Conclusion and Significance

This study systematically revealed how MAIT cells adjust their functional responses during antigen recognition based on cytokine signals in the microenvironment. The findings show that MAIT cells tend to secrete IL-10 and exhibit immune-regulatory functions under IL-12 and IL-23 stimulation, while displaying strong inflammatory reactions under IL-18 stimulation. c-Maf was identified as a critical transcription factor for IL-10 expression in MAIT cells.

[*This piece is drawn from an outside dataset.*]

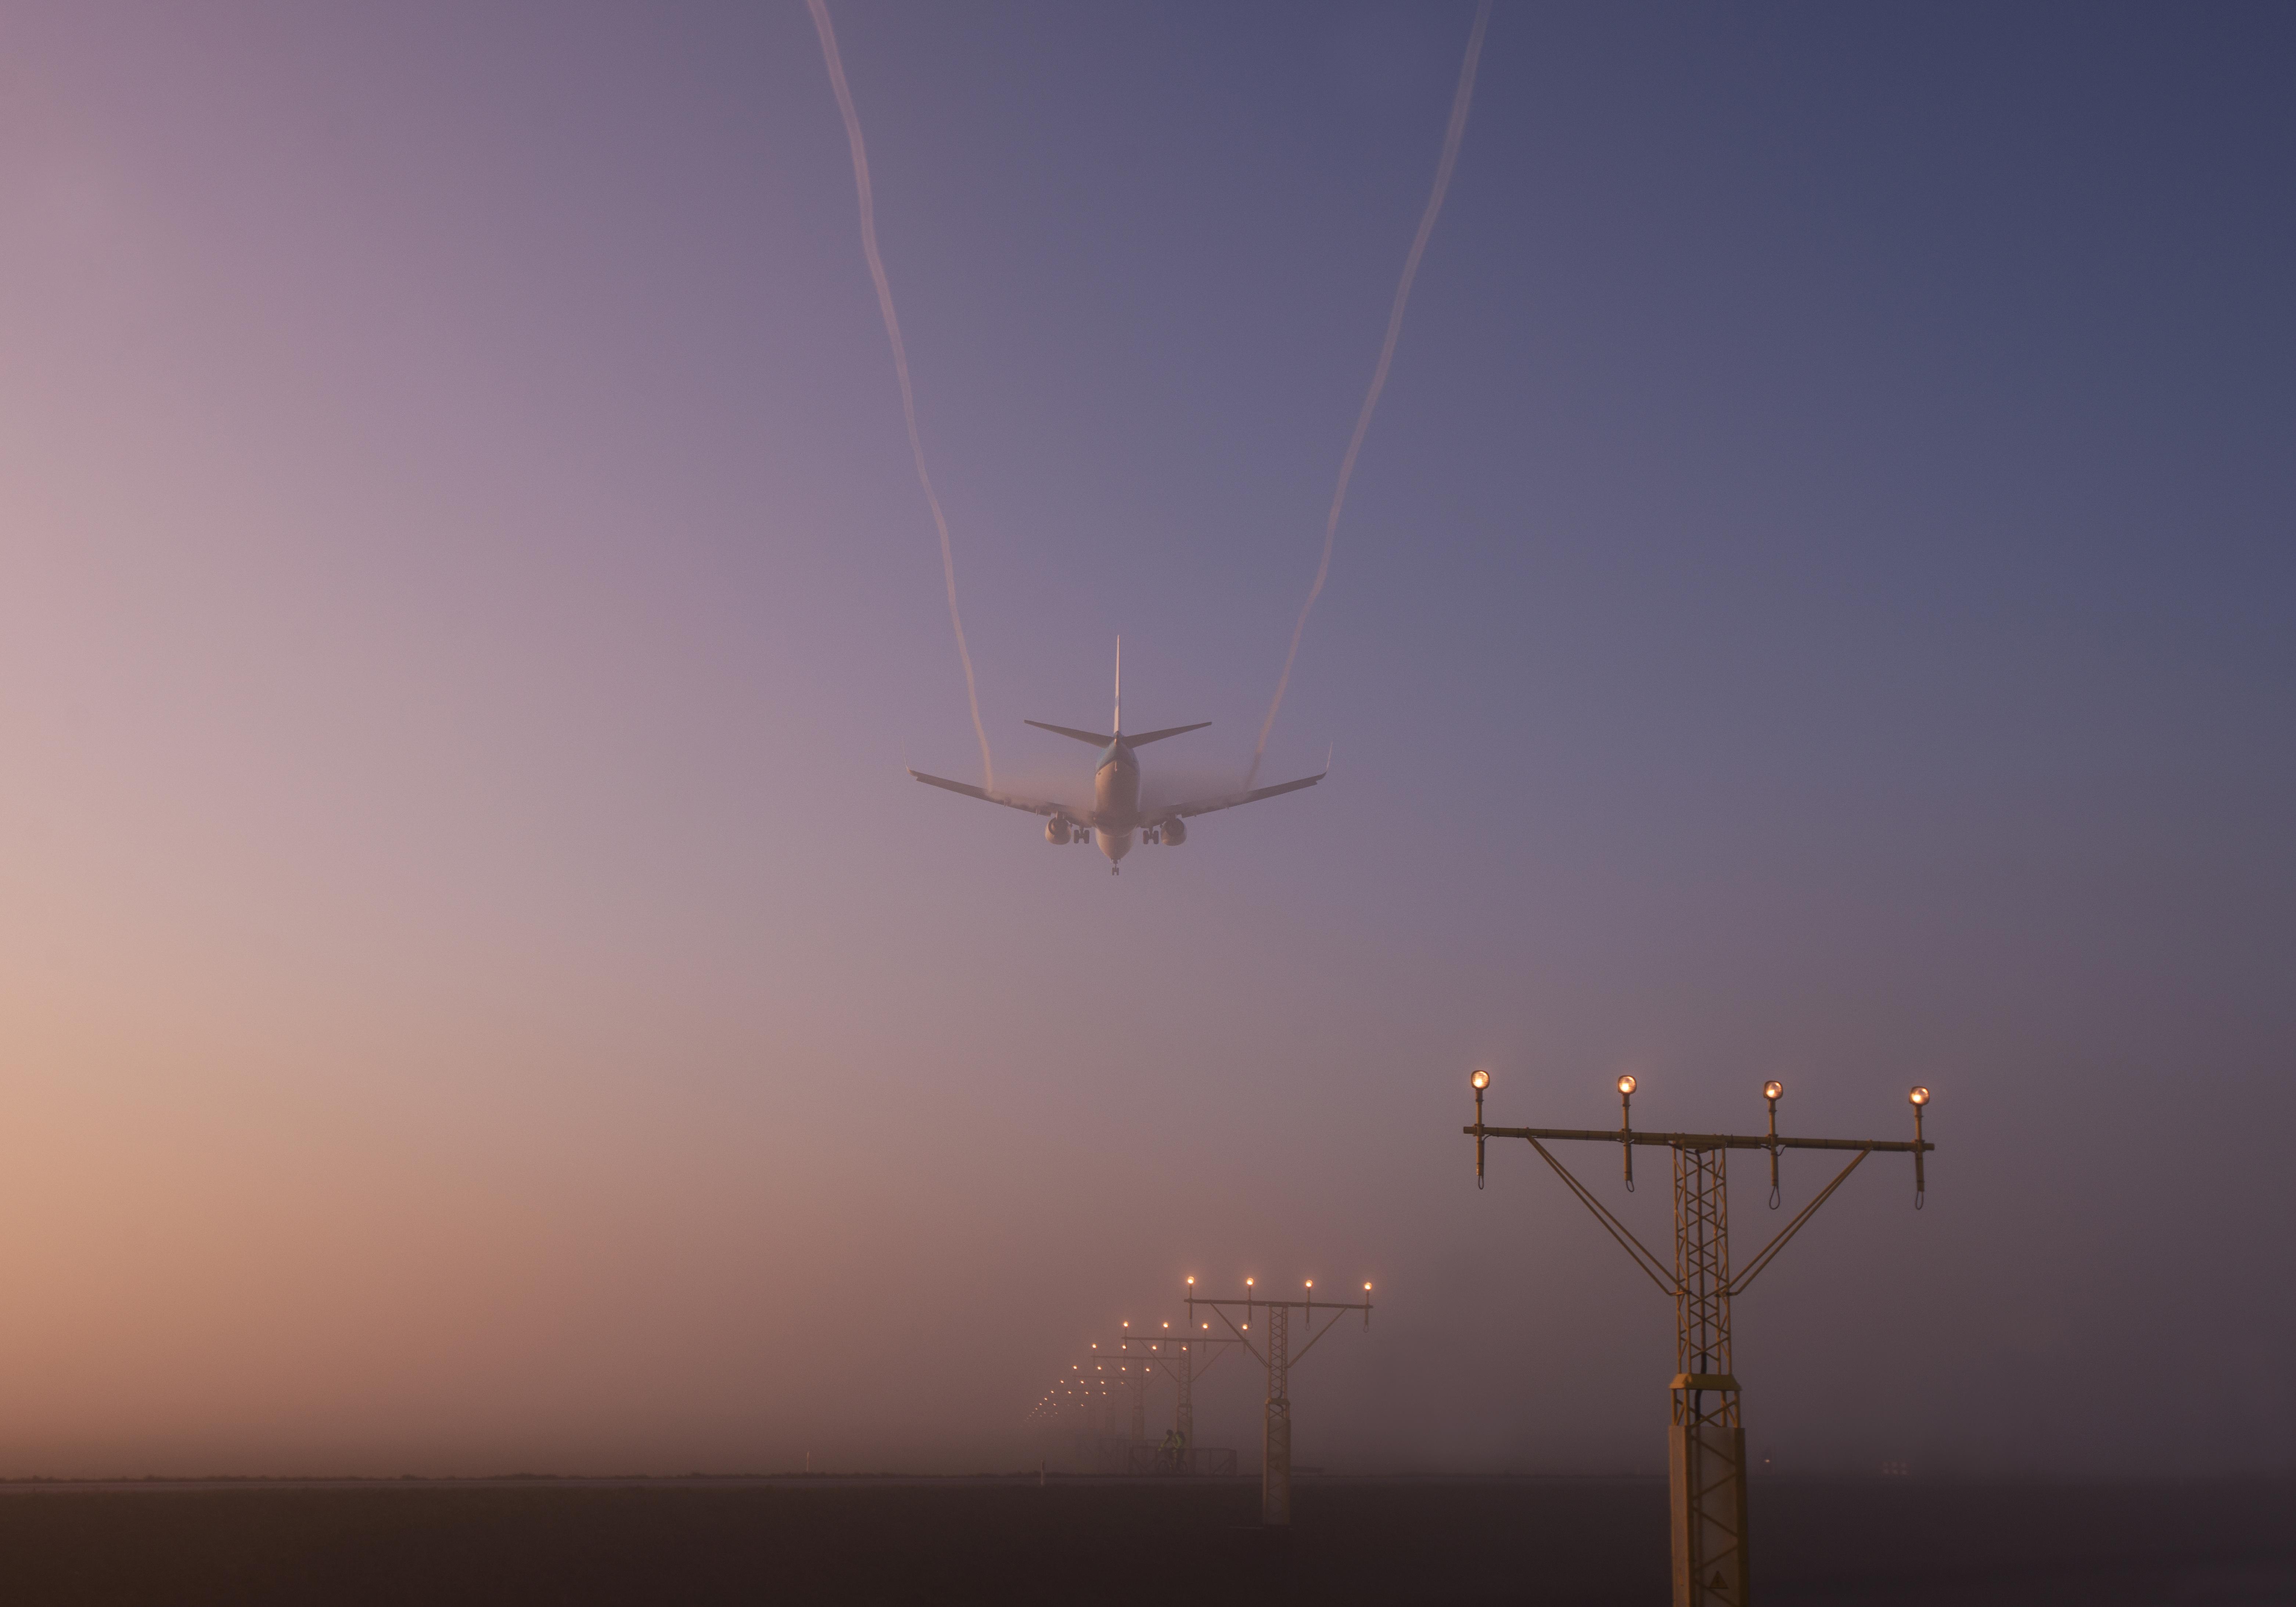 Vliegtuig in mist DEF FotoIntervisie Ingeleverd.jpg MM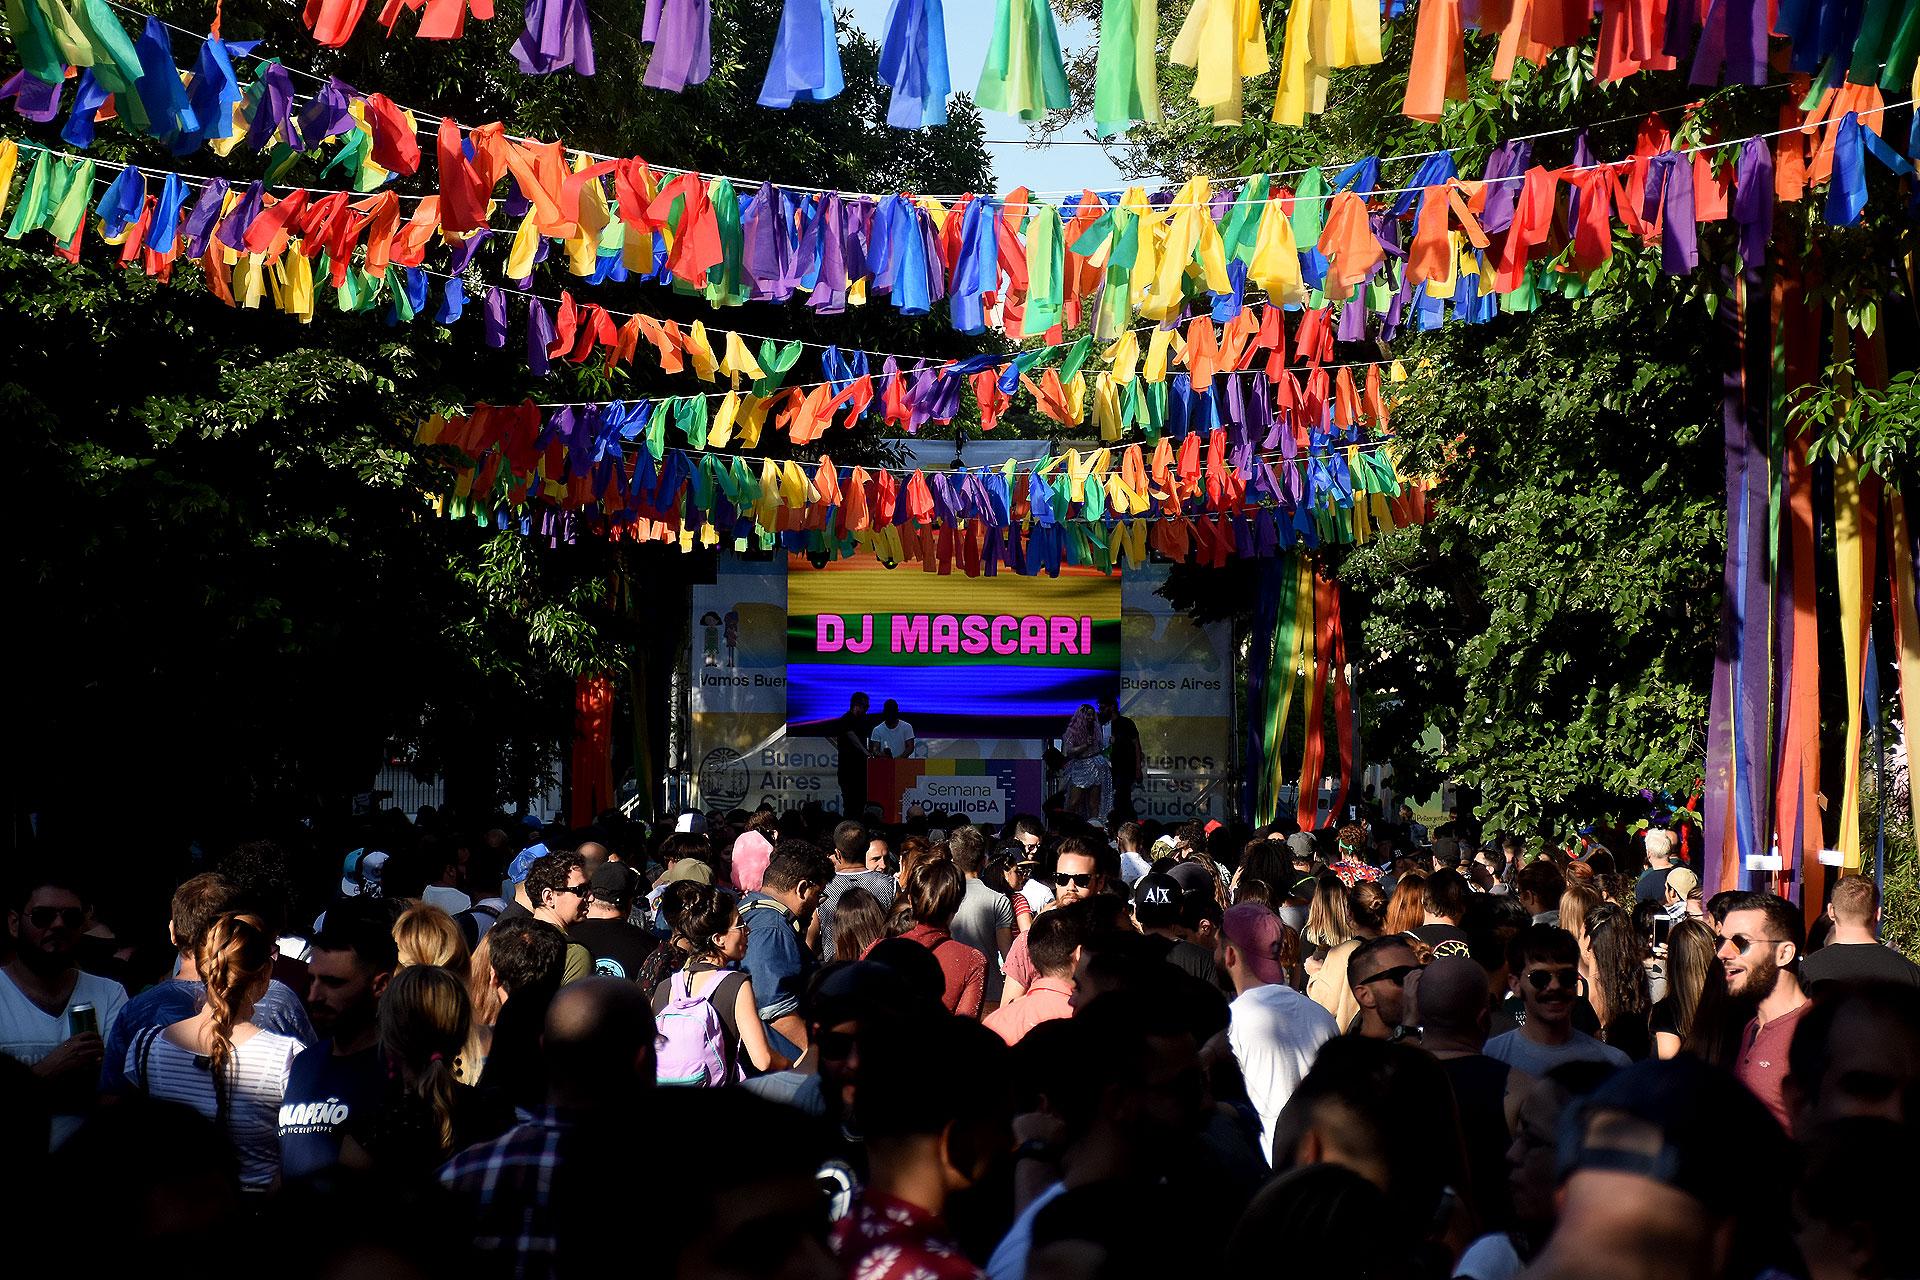 Este año, por primera vez en 27 años, las organizaciones LGBTIQ se movilizarán por separado el 10 y el 17 de noviembre

These discoveries deepen our understanding of MAIT cell functional plasticity and provide new insights for developing MAIT cell-based immunotherapeutic strategies.

Research Highlights

  1. New Discoveries in Functional Plasticity: This study systematically reveals the functional plasticity of MAIT cells in different cytokine environments and its underlying molecular mechanisms.
  2. Application of Transcriptomics: scRNA-seq comprehensively parses the transcriptional characteristics of MAIT cells, offering new perspectives on their functional regulation.
  3. Validation via CRISPR/Cas9: Gene knockout experiments confirm the critical role of c-Maf in IL-10 expression, supporting the study’s conclusions.
  4. Discovery of Reversible Functional States: The study shows that MAIT cell functional states are reversible, providing new possibilities for their application in immune regulation.

Other Valuable Information

The study also found that IL-10 secreted by MAIT cells can regulate monocyte immune responses through paracrine action, promoting the differentiation of anti-inflammatory macrophages. This finding further highlights the important role of MAIT cells in immune regulation.